It depends on the type of distribution. You can try transformation techniques (square roots, logarithm, etc). It depends on what distribution you have. If it is close to a uniform one - try square roots. If it is skewed, try a logarithm.
If a method is indicating the data is not normal, some researchers might use other methods to re-assess the normality of the data in order to qualify them as normally distributed e.g. histogram, stem & leaf plot, boxplot, normal probability plot, detrended normal plot, skewness & kurtosis etc. beside Kolmogorov-Smirnov & Shapiro-Wilk statistics.
If all the above methods indicating the data are still not normal, perhaps you can use non-parametric statistics / tests.
Normally distributed data is a commonly misunderstood concept in Six Sigma. Some people believe that all data collected and used for analysis must be distributed normally. But normal distribution does not happen as often as people think, and it is not a main objective. Normal distribution is a means to an end, not the end itself.
Normally distributed data is needed to use a number of statistical tools, such as individuals control charts, Cp/Cpk analysis, t-tests and the analysis of variance (ANOVA). If a practitioner is not using such a specific tool, however, it is not important whether data is distributed normally. The distribution becomes an issue only when practitioners reach a point in a project where they want to use a statistical tool that requires normally distributed data and they do not have it.
Also you should know the reason behind the non-normality of data :
When data is not normally distributed, the cause for non-normality should be determined and appropriate remedial actions should be taken. There are six reasons that are frequently to blame for non-normality.
Reason 1: Extreme Values
Too many extreme values in a data set will result in a skewed distribution. Normality of data can be achieved by cleaning the data. This involves determining measurement errors, data-entry errors and outliers, and removing them from the data for valid reasons.

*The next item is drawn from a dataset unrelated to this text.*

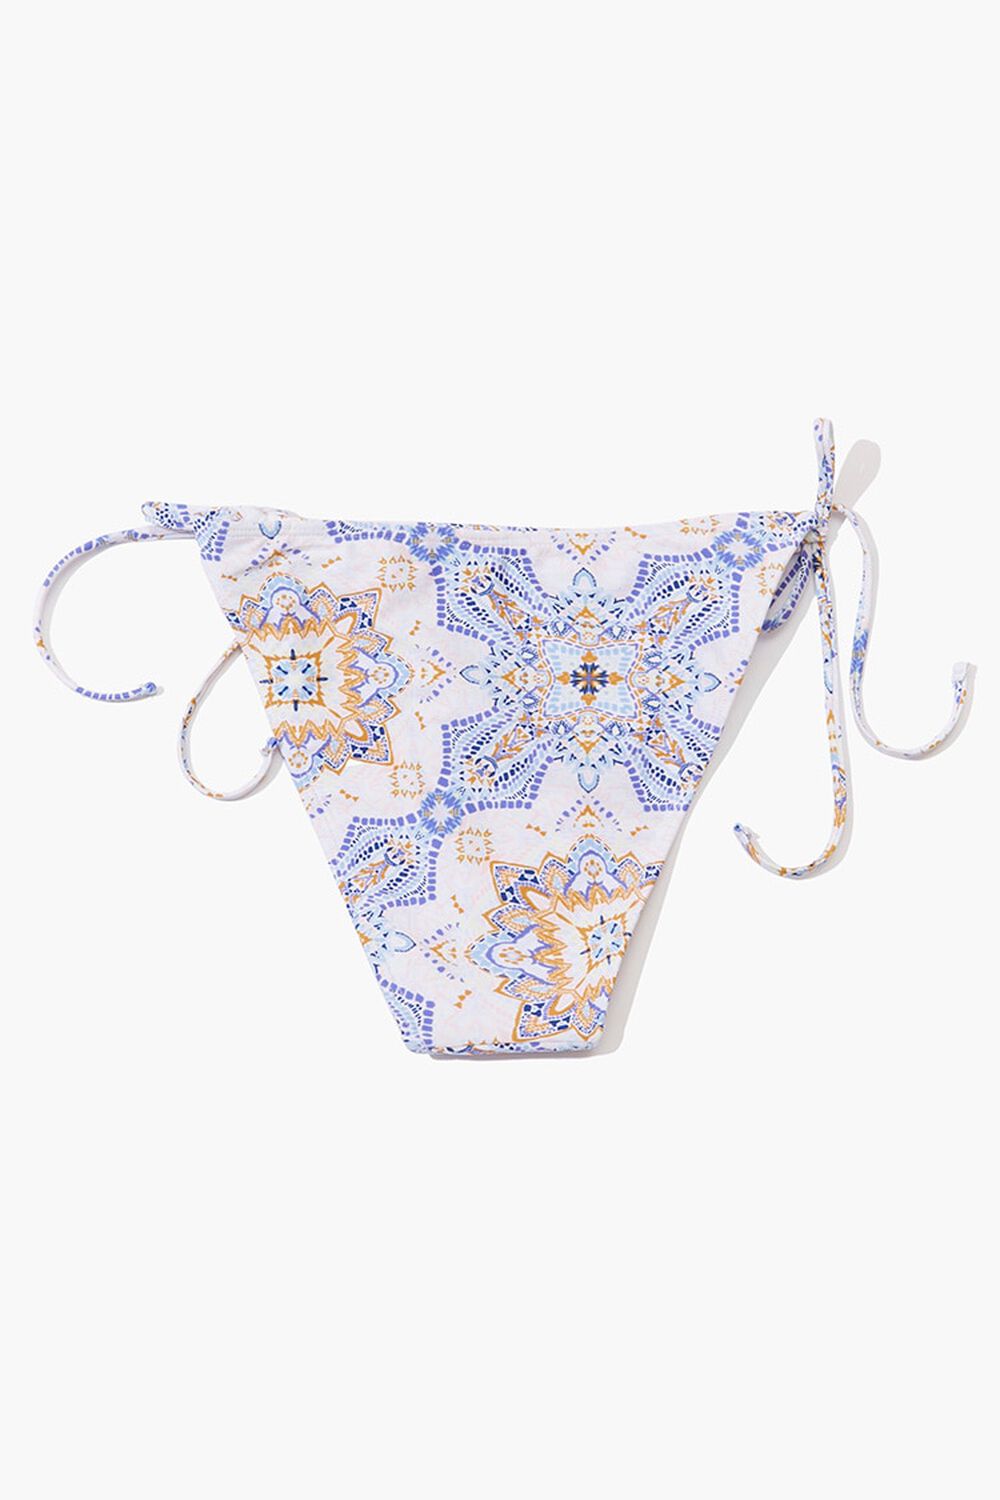 BLUE/MULTI Paisley String Bikini Bottoms, image 2
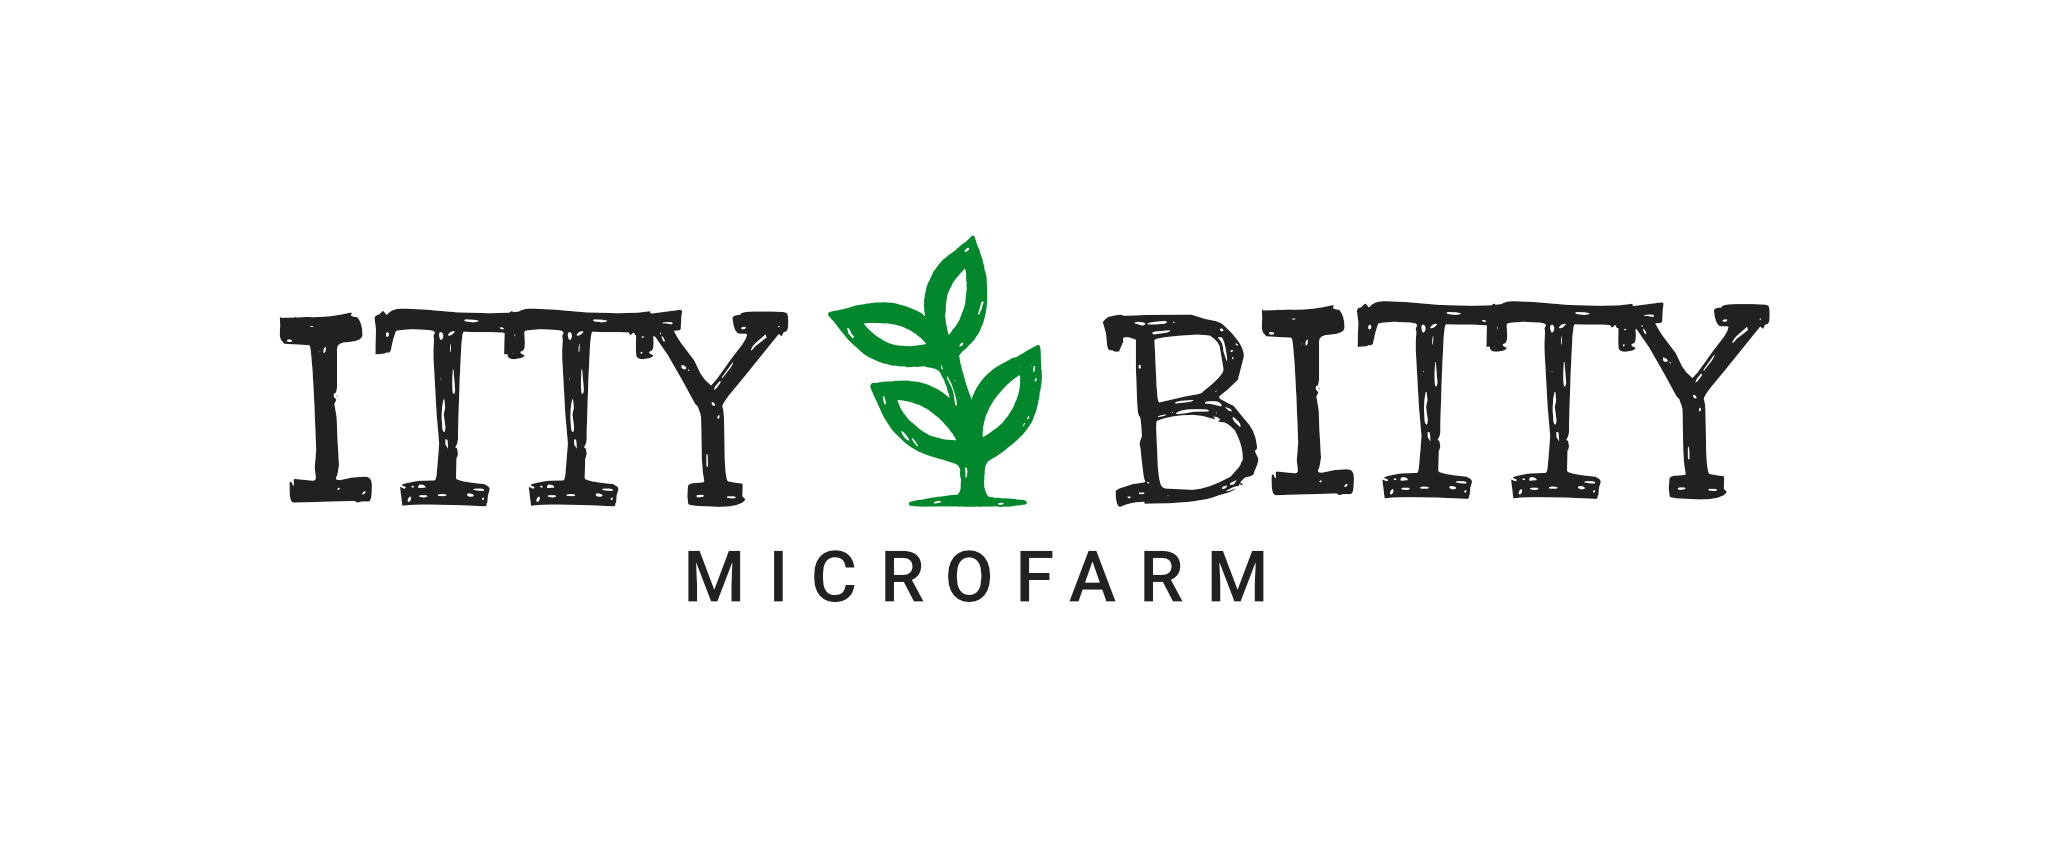 Itty Bitty Micro Farm Springfield Illinois

It is important that outliers are identified as truly special causes before they are eliminated. Never forget: The nature of normally distributed data is that a small percentage of extreme values can be expected; not every outlier is caused by a special reason. Extreme values should only be explained and removed from the data if there are more of them than expected under normal conditions.
Reason 2: Overlap of Two or More Processes
Data may not be normally distributed because it actually comes from more than one process, operator or shift, or from a process that frequently shifts. If two or more data sets that would be normally distributed on their own are overlapped, data may look bimodal or multimodal – it will have two or more most-frequent values.
The remedial action for these situations is to determine which X’s cause bimodal or multimodal distribution and then stratify the data. The data should be checked again for normality and afterward the stratified processes can be worked with separately.
My answer is, try to determine what the distribution is, and then you can begin to analyze the data.
As many esteemed colleagues have indicated, a normal distribution should not be assumed to apply to everything! Even if the distribution does not appear to be normal, there may be some other standard distribution that more closely applies. Such as, perhaps, Poisson.
You might try fitting several different types of distributions with your raw data, and then calculate how far off each one is, to your raw data.
Take at look at this article. It addresses exactly your question.
I endorse the argument of Waldemar Koczkodaj. If after certain test as mentioned by many scholars, still your data is not normal or in other words not normally distributed, it doesn't mean we get rid of data or try to transform it through whatever logs, algorithms or square roots, rather use non-parametric test. We don't know, it might be that such data is actually predicting more comprehensively.